Les Négociations Annuelles Obligatoires (NAO) ont débuté depuis le 14 mai au sein de l’entreprise IKEA France. « Nous sommes le 3eme pays pourvoyeur de chiffr d’affaires derrière les Etats-Unis et l’Allemagne. » Explique Hocine Redouani, syndicaliste CGT.
Et pourtant, au siège, les augmentations des salaires ne sont pas au programme. « Nous ne recevons pas d’intéressement, une participation très faible, on espère 300 euros cette année. » Explique le syndicaliste.
80% de smicards
En effet, Ikea joue sur l’optimisation fiscale « ou évasion, ça dépend le point de vue » rectifie le salarié. Même le fisc français a épinglé l’entreprise à différentes reprises.
« Nous n’obtenons pas de primes car les chiffres demandés sont inatteignables. Donc, 80 % des salariés vivent au SMIC » S’indigne Hocine.
Aujourd’hui, en France, on compte 37 magasins. 20 sont déjà en grève depuis le début des négociations.
A Clermont-Ferrand, les salariés rejoindront le mouvement demain. Le centre d’appel clients était en grève dès ce matin.
Augmentation collective
« La direction veut mettre en place des augmentations individuelles, en fonction des entretiens avec le manager. » Mais, cette solution est insatisfaisante pour l’ensemble des salariés. « Il suffit qu’on ne s’entende pas avec son manager, et c’est foutu… » Dénonce une jeune salariée qui sera en grève demain. « L’augmentation collective est juste car tout le monde participe à la richesse de l’entreprise. »
La CGT réclame 250 euros bruts pour les salariés et 75 euros pour les cadres. « Il faut quand même savoir qu’à la revalorisation du SMIC? 70 % étaient en dessous. Ce sont des salaires de misère. Beaucoup d’entre nous demandent des avances sur salaire. » Il y a 15 ans, les salariés étaient rémunérés 11% au-dessus du SMIC.
145 millions de bénéfices
En 2024, l’entité française a réalisé 145 millions de bénéfices. » Alors, nous voulons une augmentation de nos salaires mais aussi de meilleures conditions de travail. » Selon les salariés, on leur demande trop de polyvalence. Selon la CGT, Une moyenne de 40 % de turn over est comptée dans les magasins français, et jusqu’à 80 % dans celui de Nice. »
De nombreux accidents de travail ont été recensés. En moyenne, avec la mise en place d’un système de Drive, les salariés préparent jusqu’à 2 tonnes de meubles et fournitures par jour.

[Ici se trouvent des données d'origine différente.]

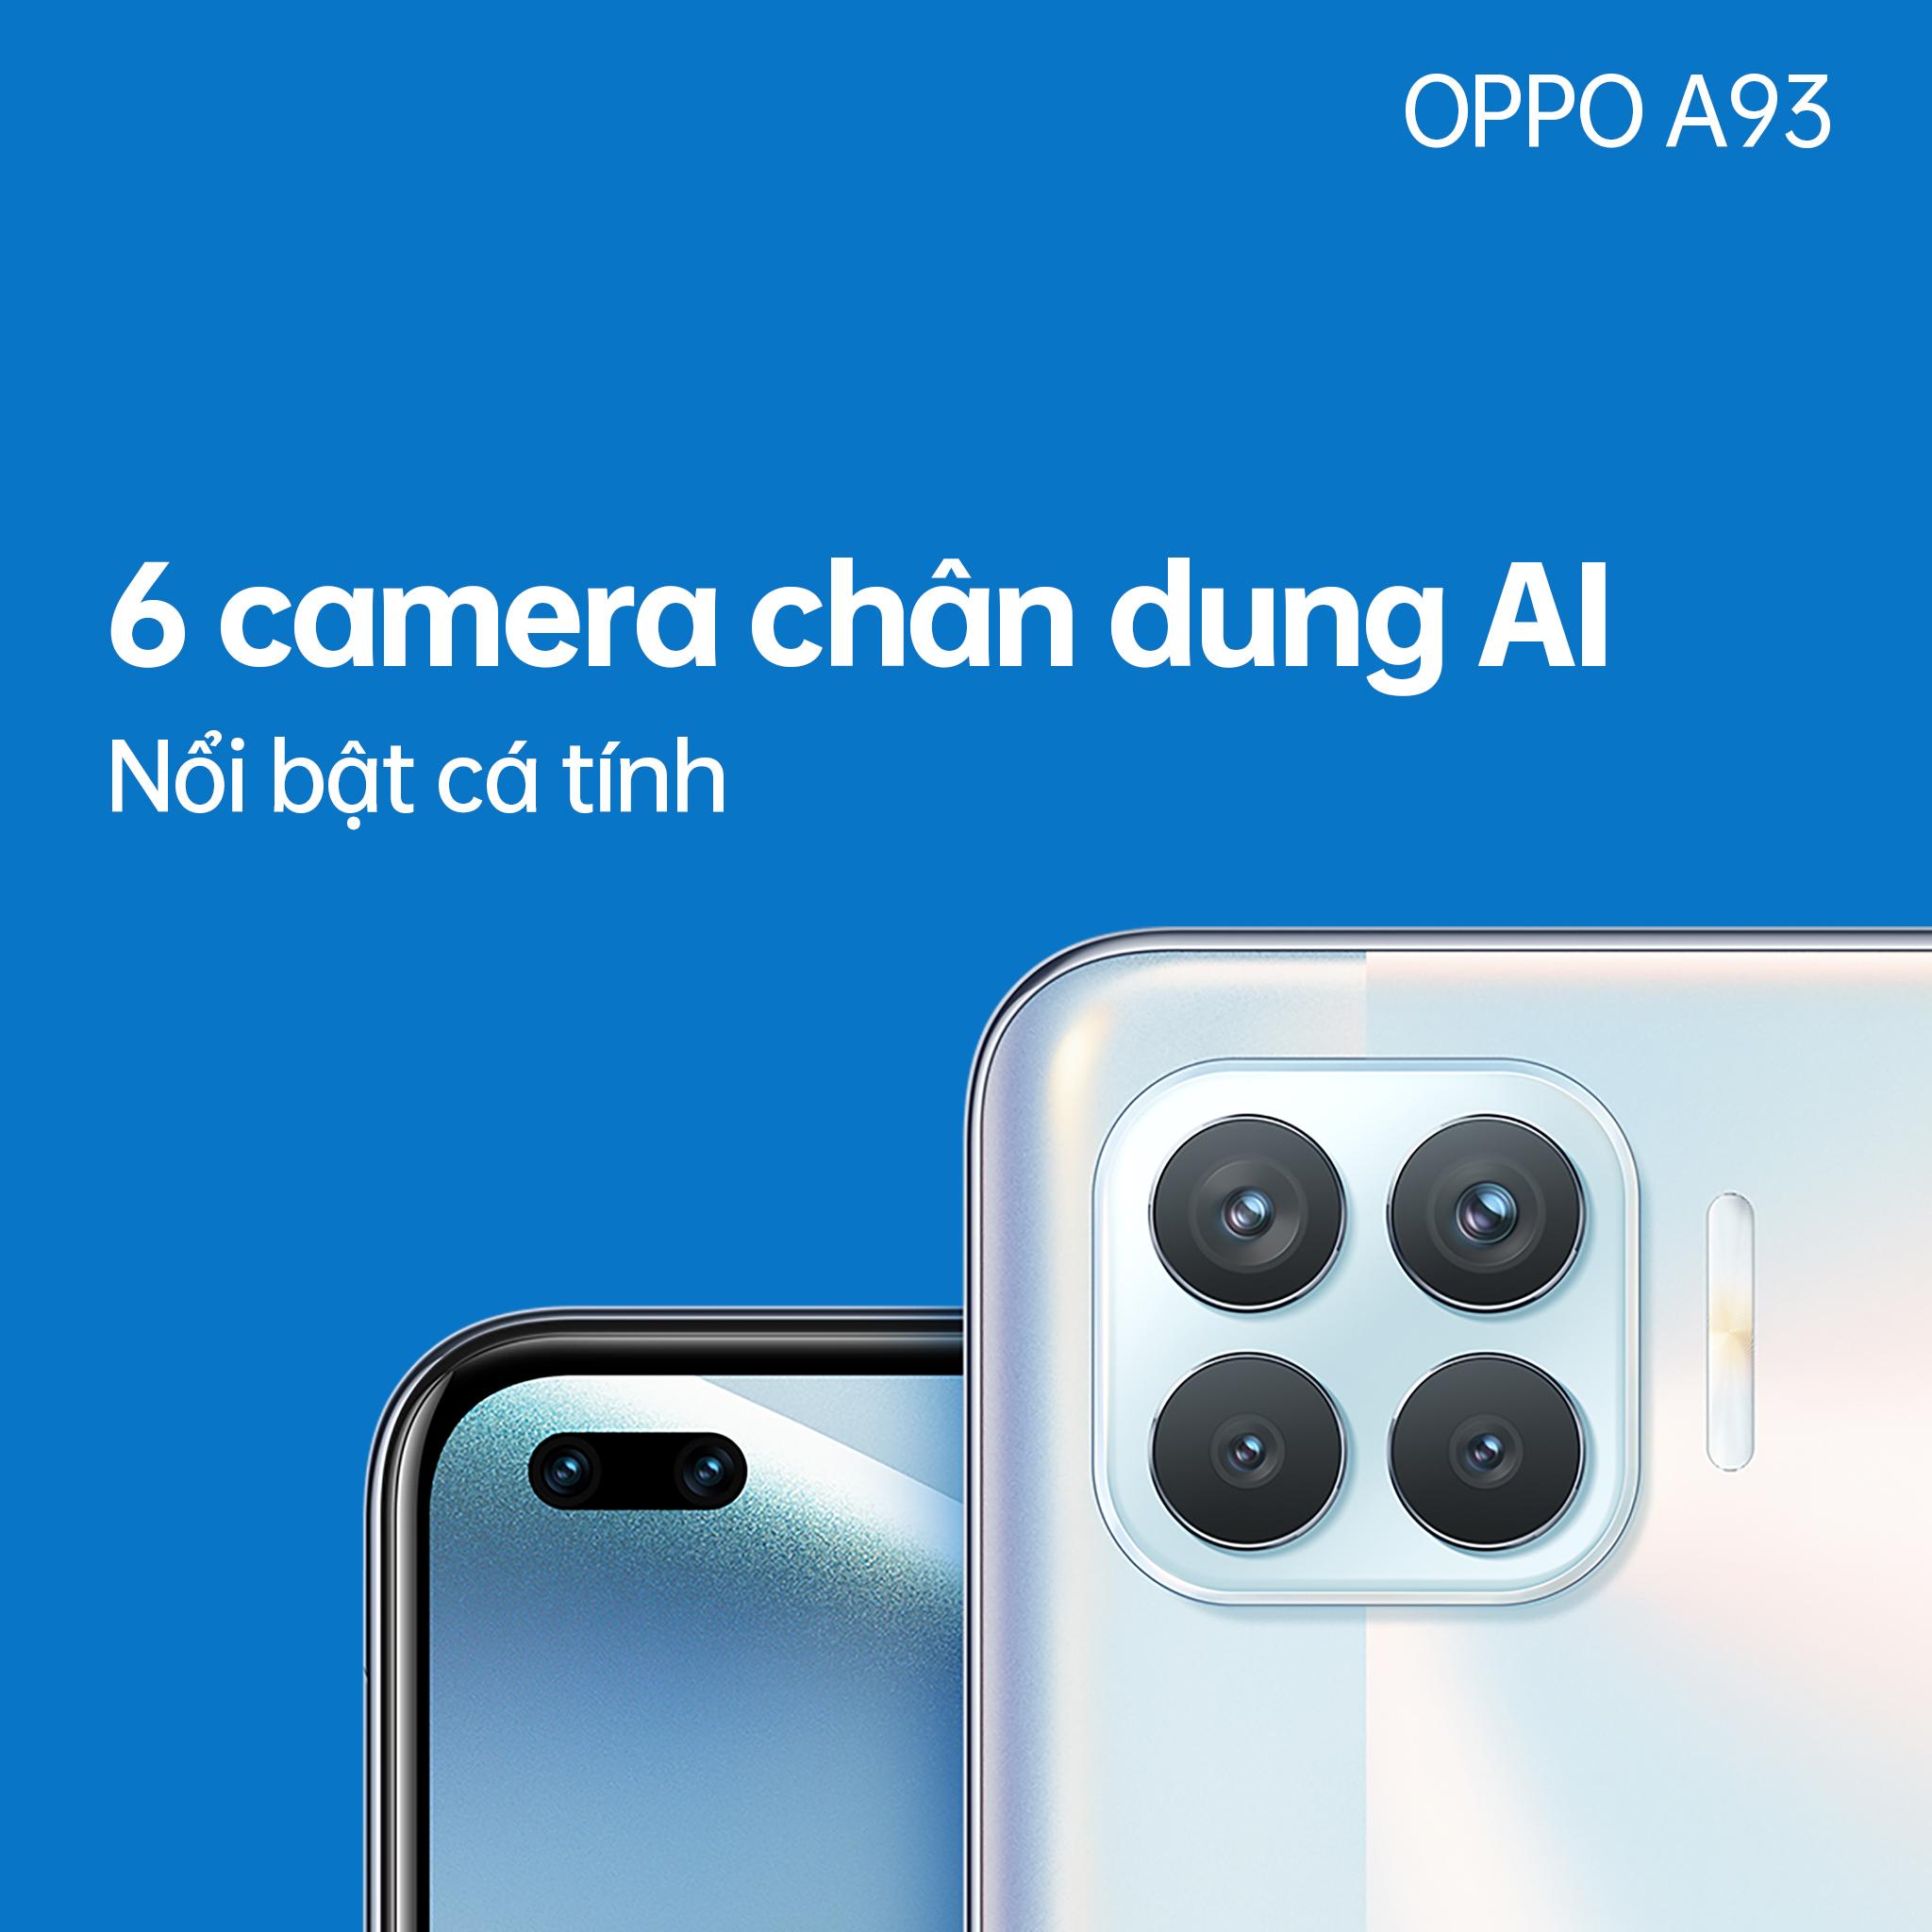 Khám phá 15 tính năng nổi bật của OPPO A93 cho xu hướng AI Camera chất lượng - Ảnh 5.
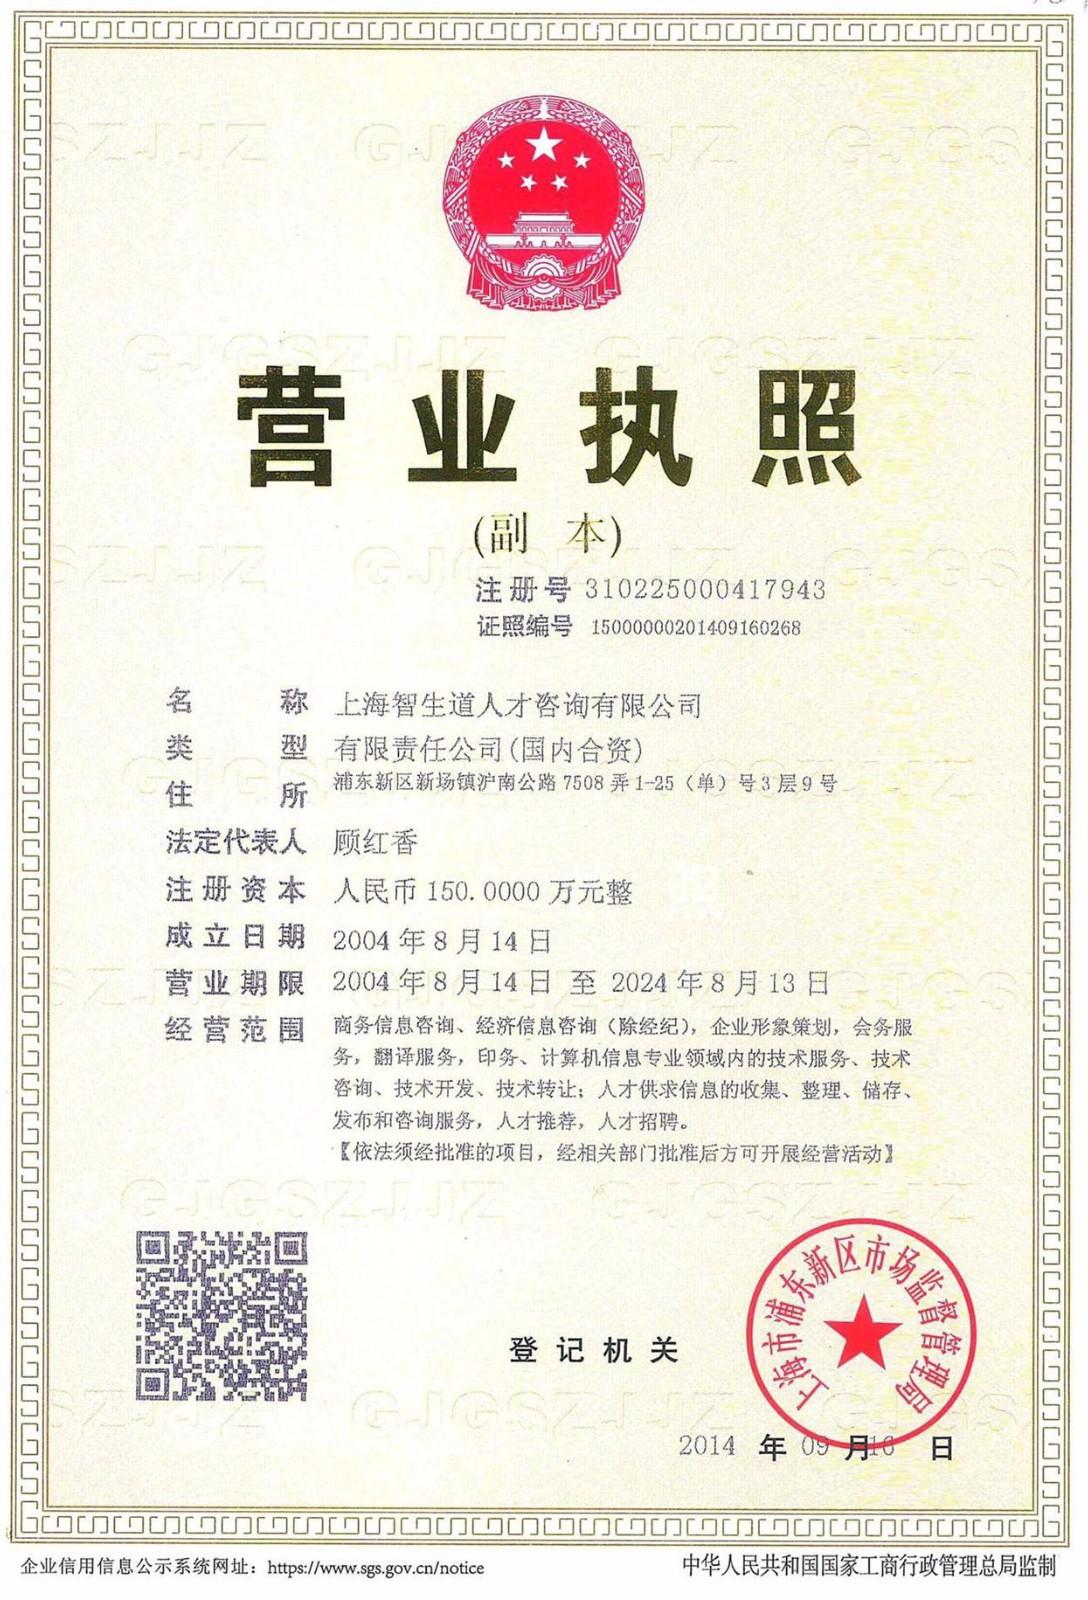 上海智生道人才咨询有限公司

« Nous avons droit à 15% sur 3000 euros d’achat par an, voilà notre privilège, une ristourne sur une demie cuisine… » S’amuserait presque le responsable syndical. « Aujourd’hui, ça ne nous suffit plus. »
12 mille salariés et 37 magasins
De plus, les syndicats CGT, FO et CFDT qui ont quitté la table des négociations regrettent que les effectifs soient stables : 12 mille salariés alors que de nombreux magasins ont ouvert en 15 ans. « L’automatisation des lignes de caisse y est pour quelques chose, c’est évident » confessent les salariés.
Alors, ils ont décidé de ne rien lâcher. « On va copier nos camarades polonais, canadiens, suisses et allemands. En 48 heures de grève, ils ont obtenu 18 % d’augmentation. En France, on a les moyens de bien payer les salariés, aussi… »
Demain, les salariés de Clermont-Ferrand seront donc en grève devant leur magasin.
Le dépôt central de la marque a aussi déposé un préavis qui pourrait compromettre les approvisionnements des boutiques.